|Matthew Henry's Concise Commentary|
10:14-22 Job did not deny that as a sinner he deserved his sufferings; but he thought that justice was executed upon him with peculiar rigour. His gloom, unbelief, and hard thoughts of God, were as much to be ascribed to Satan's inward temptations, and his anguish of soul, under the sense of God's displeasure, as to his outward trials, and remaining depravity. Our Creator, become in Christ our Redeemer also, will not destroy the work of his hands in any humble believer; but will renew him unto holiness, that he may enjoy eternal life. If anguish on earth renders the grave a desirable refuge, what will be their condition who are condemned to the blackness of darkness for ever?
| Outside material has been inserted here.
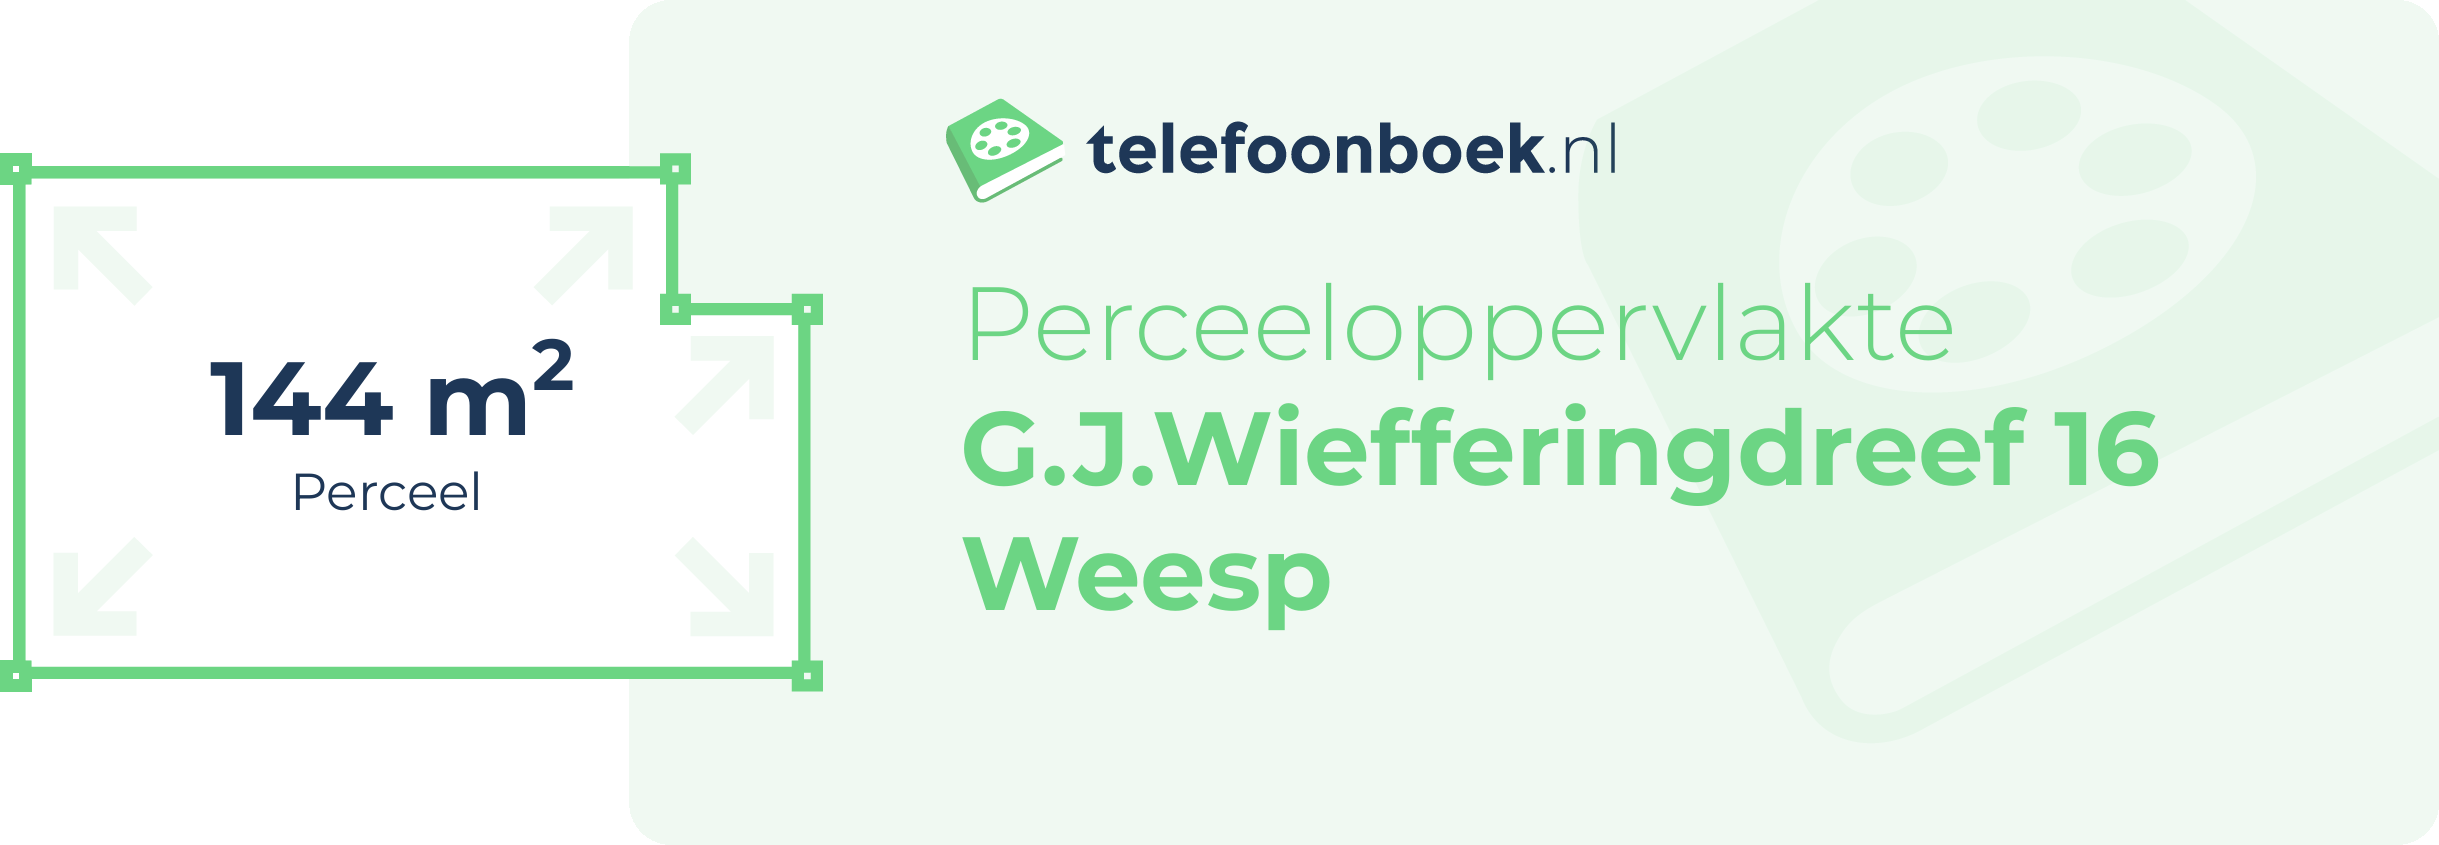 Perceeloppervlakte G.J.Wiefferingdreef 16 Weesp

Let every sinner seek deliverance from that dreadful state, and every believer be thankful to Jesus, who delivereth from the wrath to come.
Verse 19. - I should have been as though I had not been; I should have been carried from the womb to the grave. So short an existence would have been the next thing to no existence at all, and would have equally satisfied my wishes.
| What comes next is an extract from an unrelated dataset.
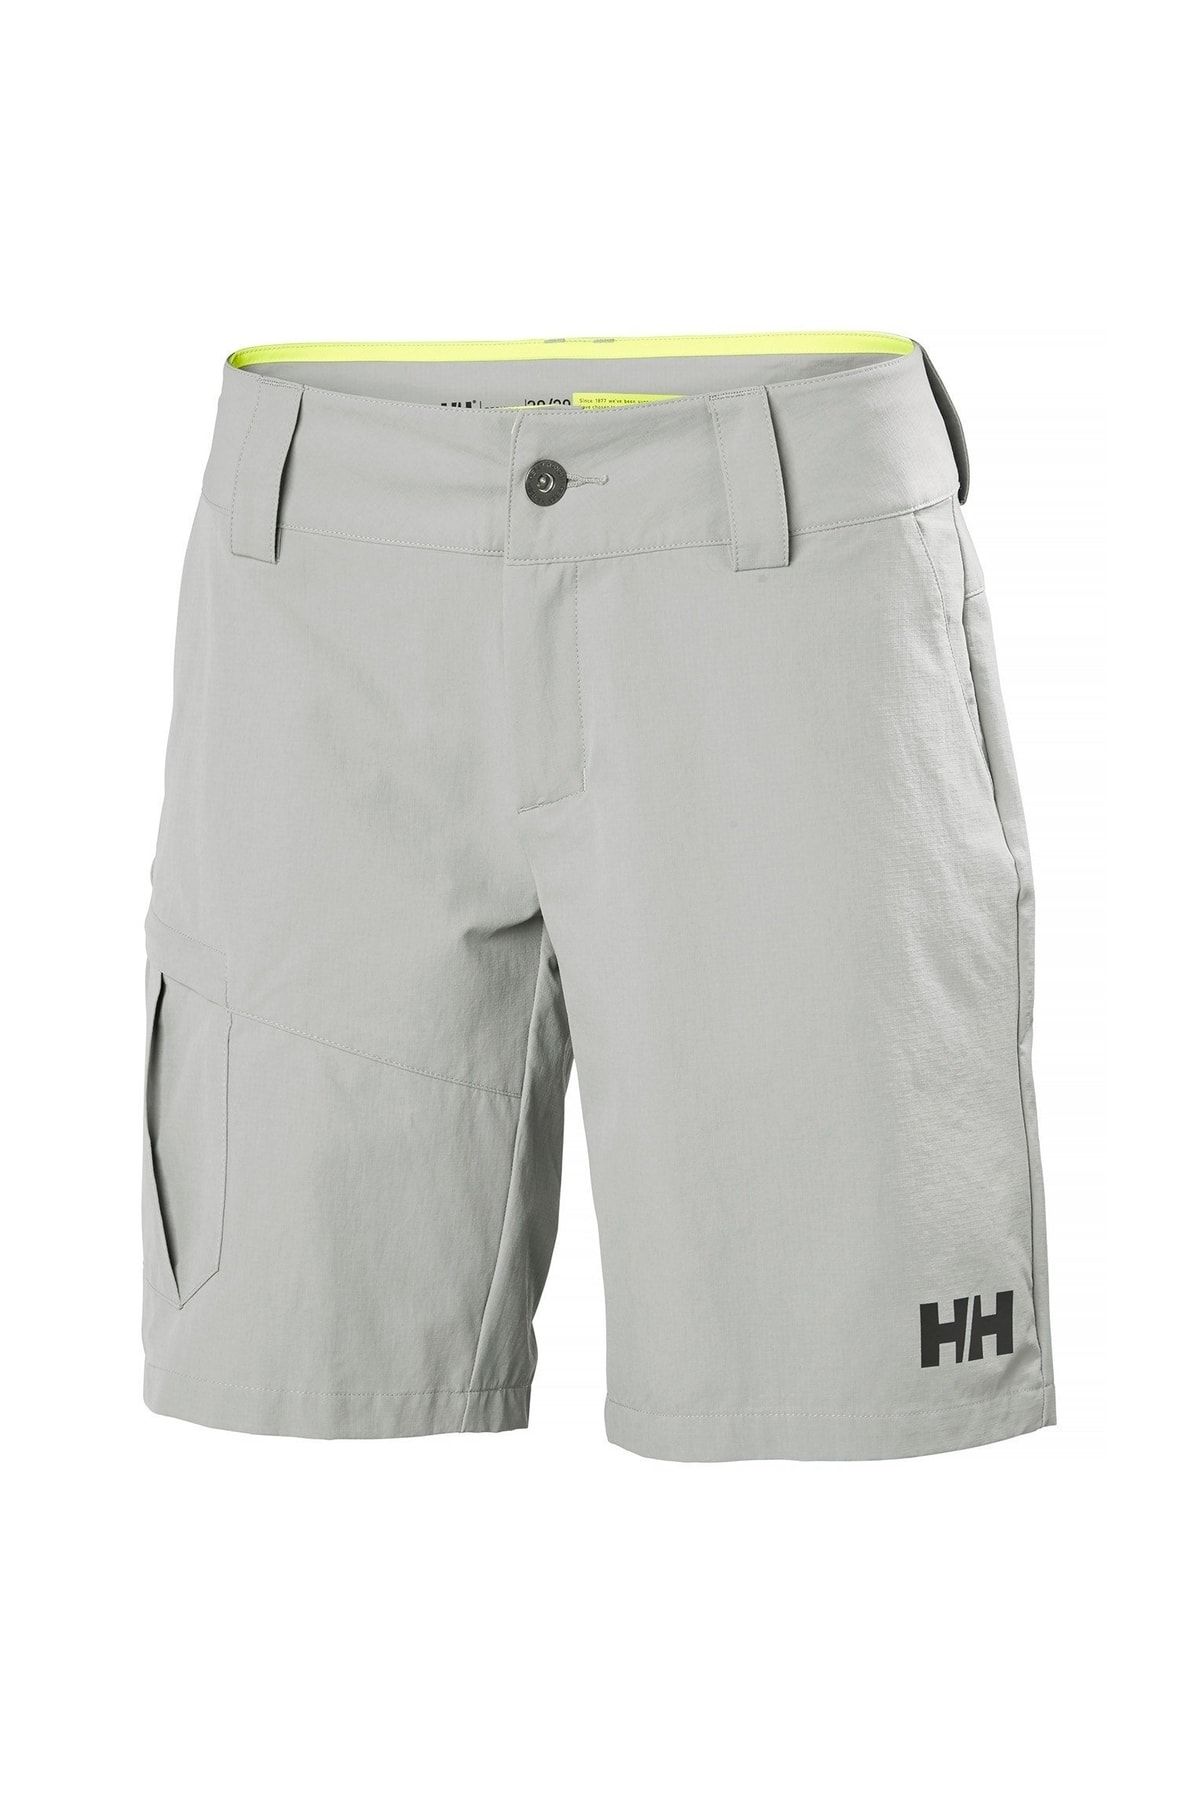 Helly Hansen Hh W Qd Cargo Shorts - Grey Fog

Gill's Exposition of the Entire Bible
I should have been as though I had not been,.... For though it cannot be said absolutely of such an one, an abortive or untimely birth, that it is a nonentity, or never existed; yet comparatively it is as if it never had a being; it being seen by none or very few, it having had no name, nor any conversation among men; but at once buried, and buried in forgetfulness, as if no such one had ever been; see Ecclesiastes 6:3. This Job wished for, for so some render it, "oh, that I had been as though I had never been" (f); and then he would have never been involved in such troubles he was, he would have been free from all his afflictions and distresses, and never have had any experience of the sorrows that now surrounded him:
I should have been carried from the womb to the grave; if he had not been brought out of it, the womb had been his grave, as in Jeremiah 20:17; or if he had died in it, and had been stillborn, he would quickly have been carried to his grave; he would have seen and known nothing of life and of the world, and the things in it; and particularly of the troubles that attend mortals here: his passage in it and through it would have been very short, or none at all, no longer than from the womb to the grave; and so should never have known what sorrow was, or such afflictions he now endured; such an one being in his esteem happier than he; see Ecclesiastes 4:3.
(f) So Vatablus, Piscator, and some in Mercerus.